* How to complete this task:
Write out the listing exactly, dropping any picture it contains.

* Provided material:
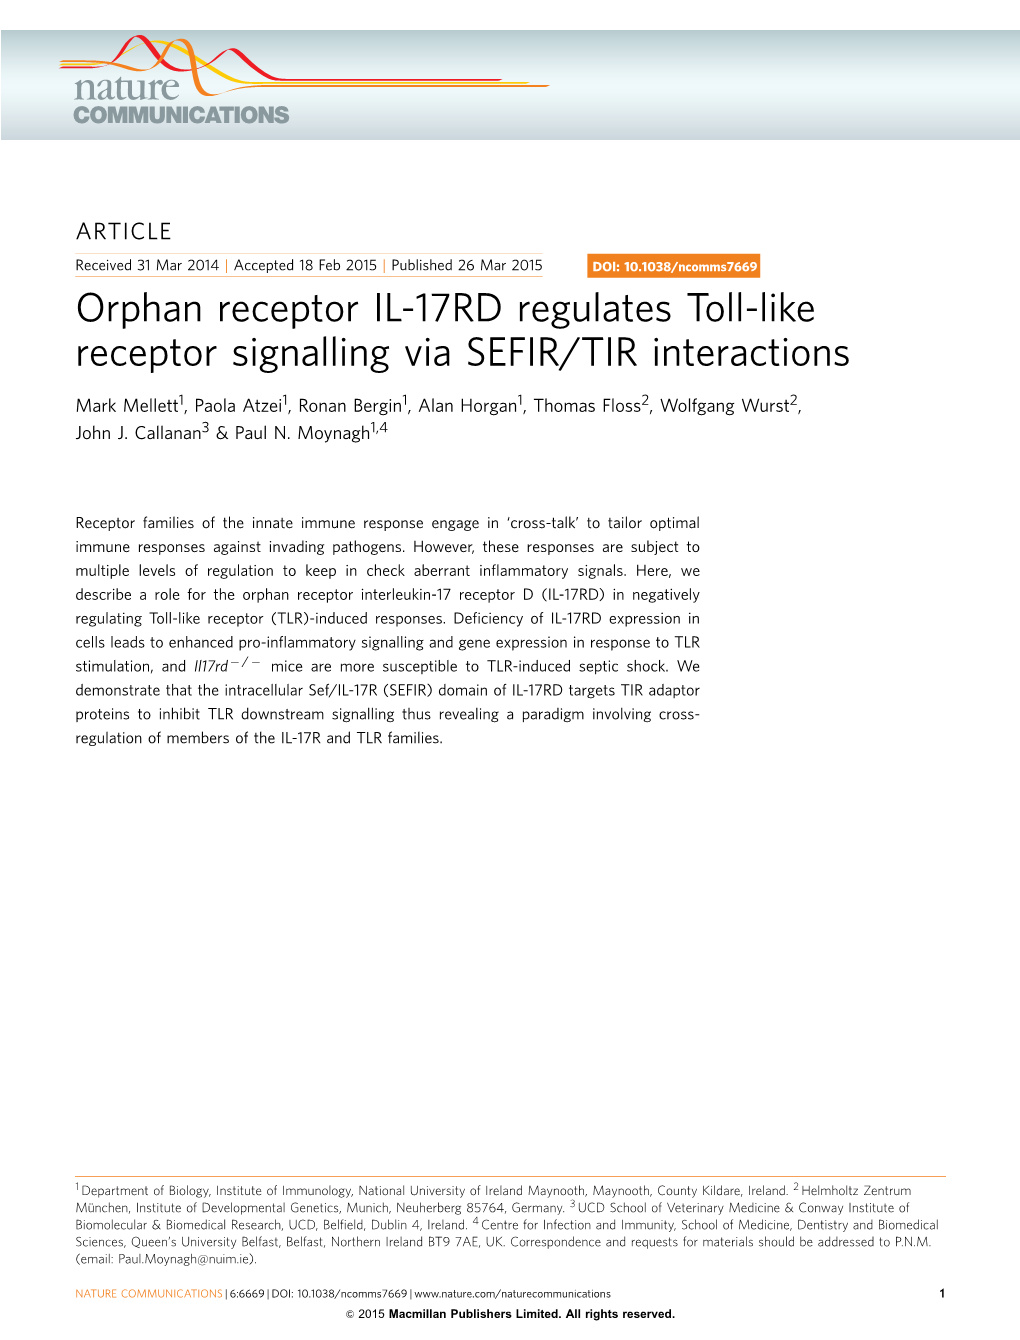 Orphan Receptor IL-17RD Regulates Toll-Like Receptor Signalling Via SEFIR/TIR Interactions
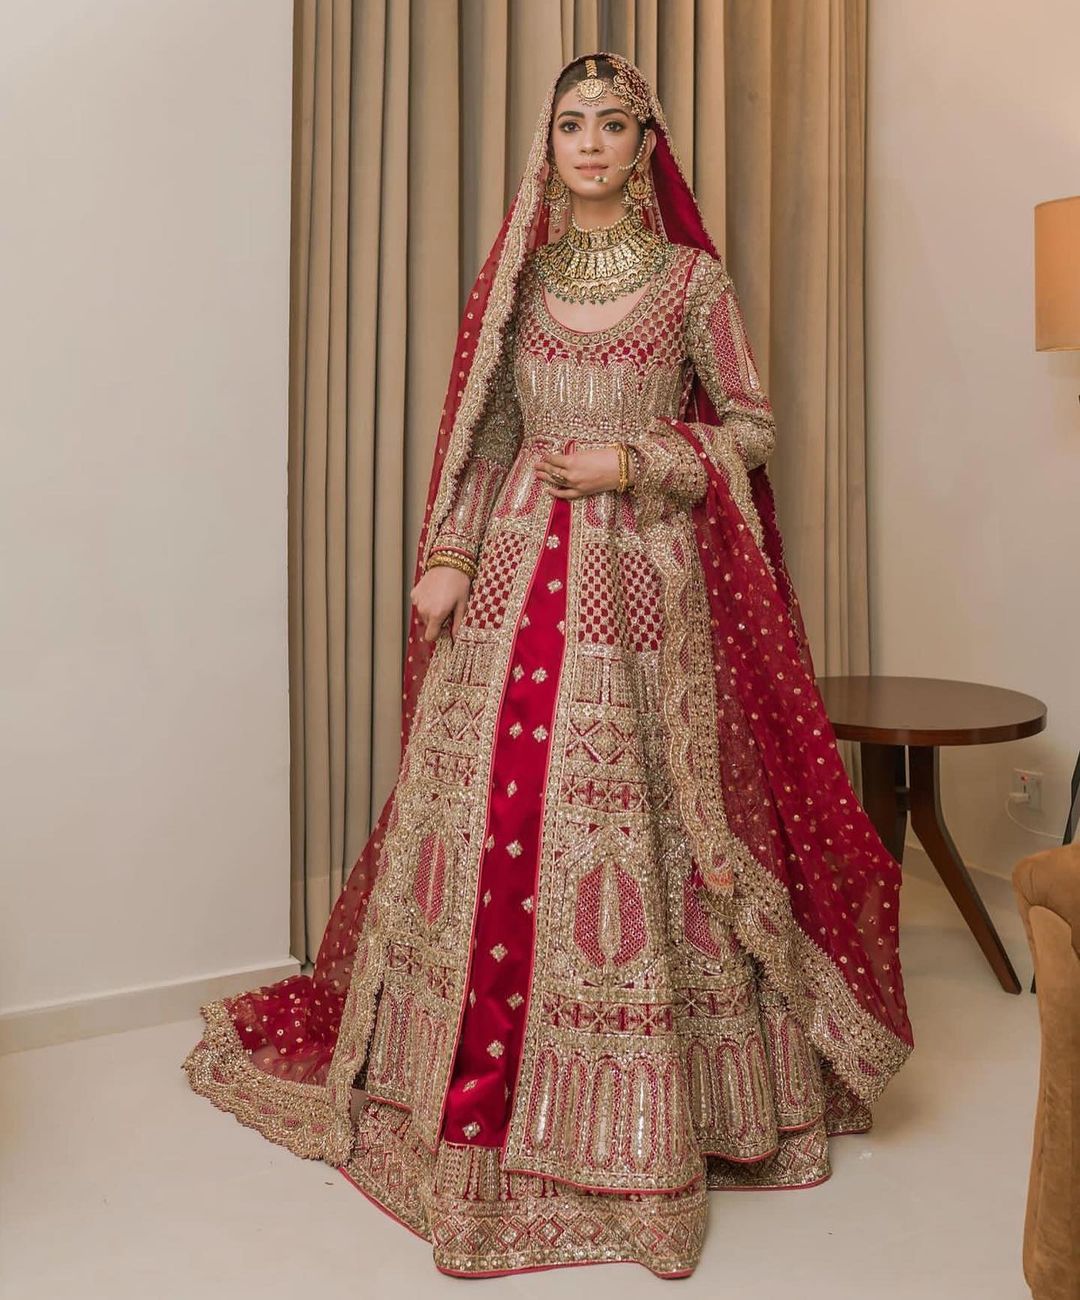 Indian Bridal Lehenga Designs That Are Hot This Wedding Season
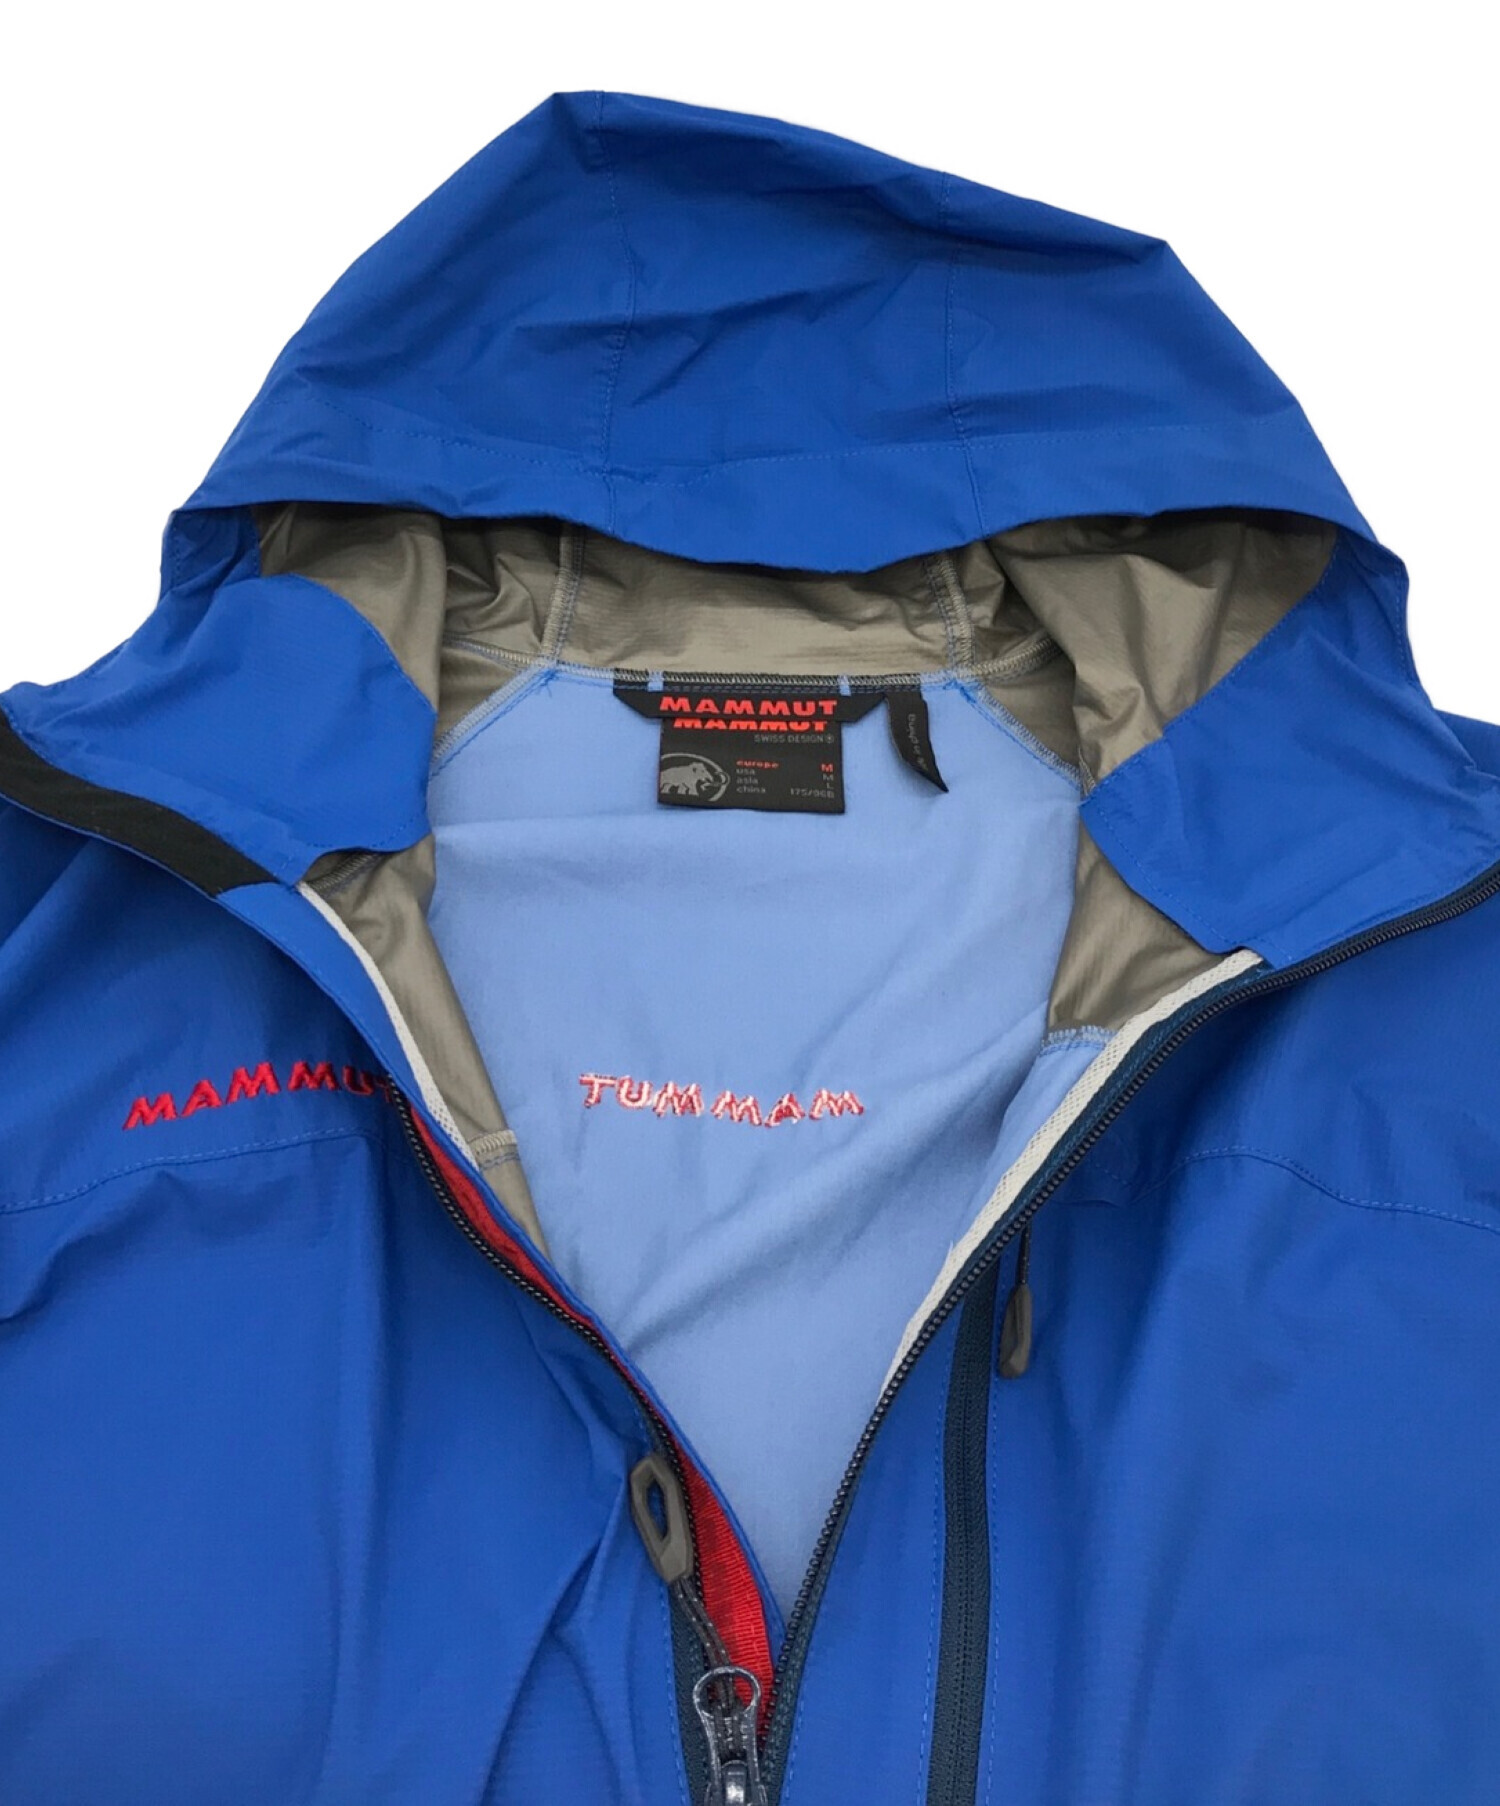 MAMMUT (マムート) ライトスピードハイブリッドジャケット ブルー サイズ:M
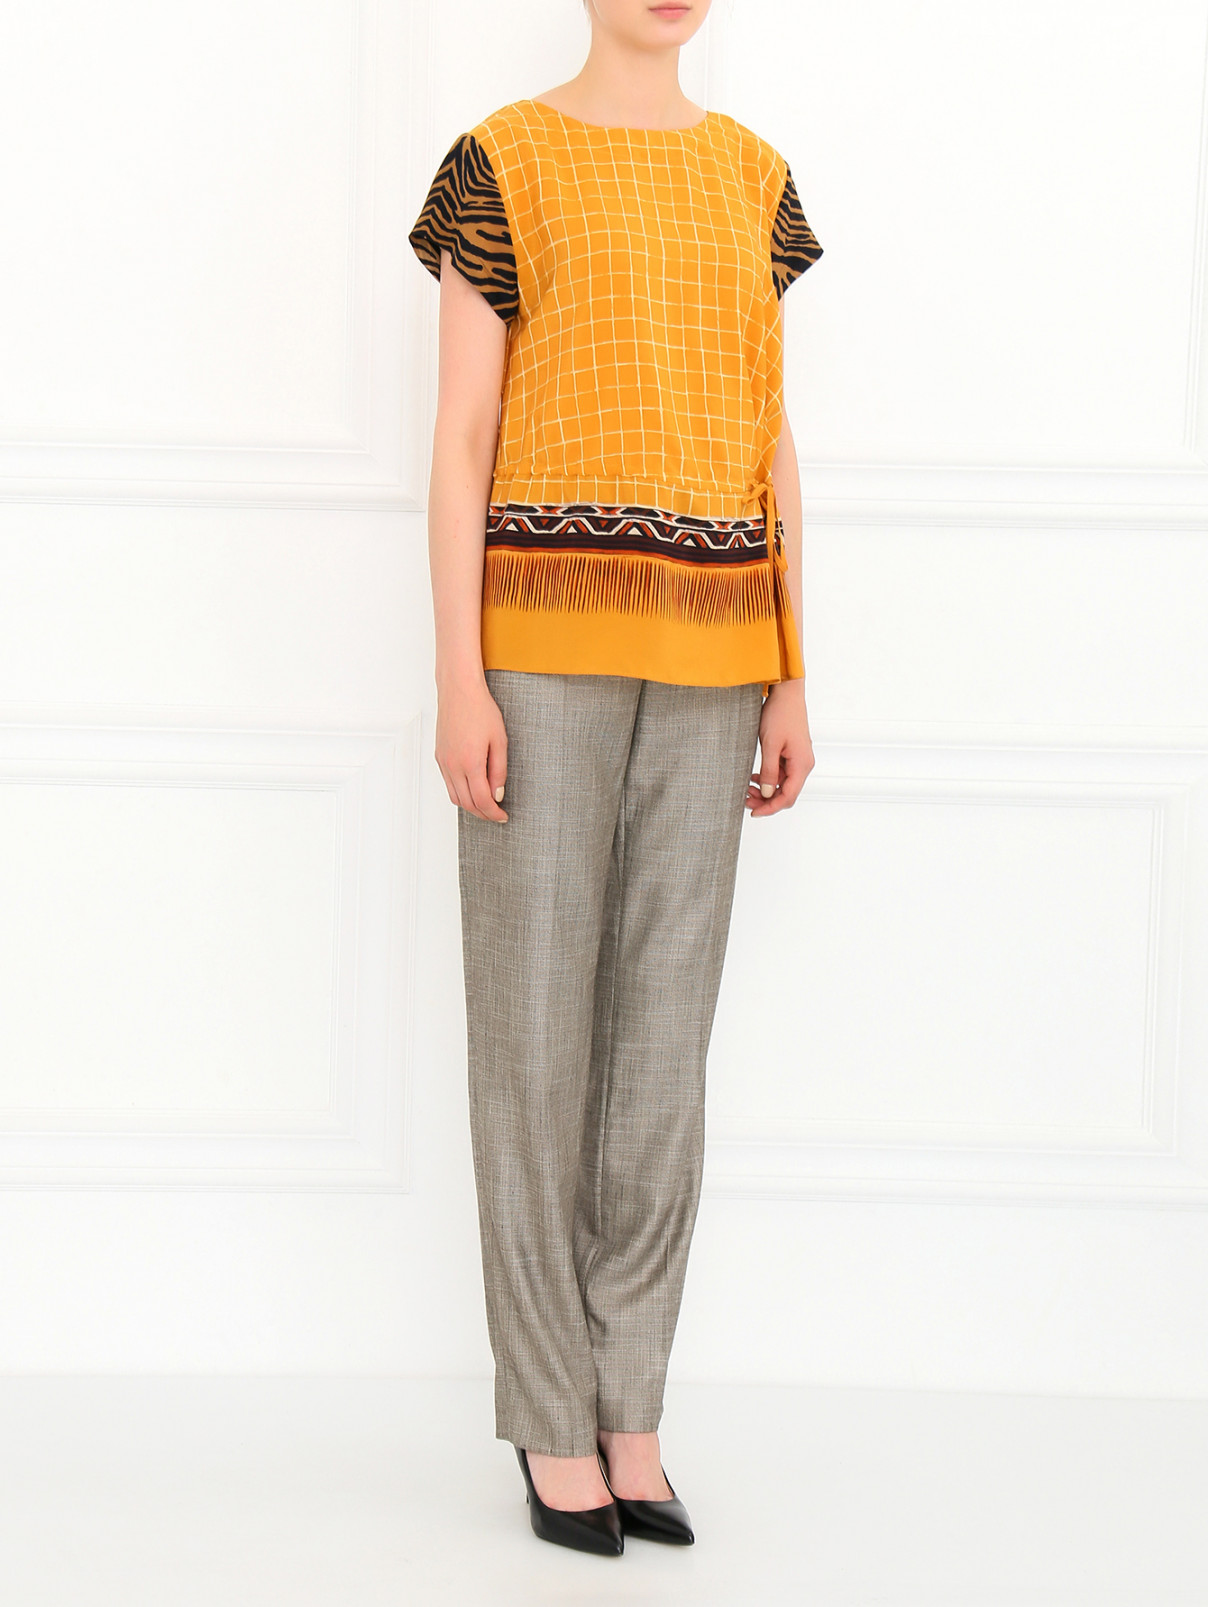 Блуза из шелка с узором Alberta Ferretti  –  Модель Общий вид  – Цвет:  Оранжевый

* Answer below:
 Orphan Receptor IL-17RD Regulates Toll-Like Receptor Signalling Via SEFIR/TIR Interactions
 Indian Bridal Lehenga Designs That Are Hot This Wedding Season
 MAMMUT (マムート) ライトスピードハイブリッドジャケット ブルー サイズ:M
 Блуза из шелка с узором Alberta Ferretti  –  Модель Общий вид  – Цвет:  Оранжевый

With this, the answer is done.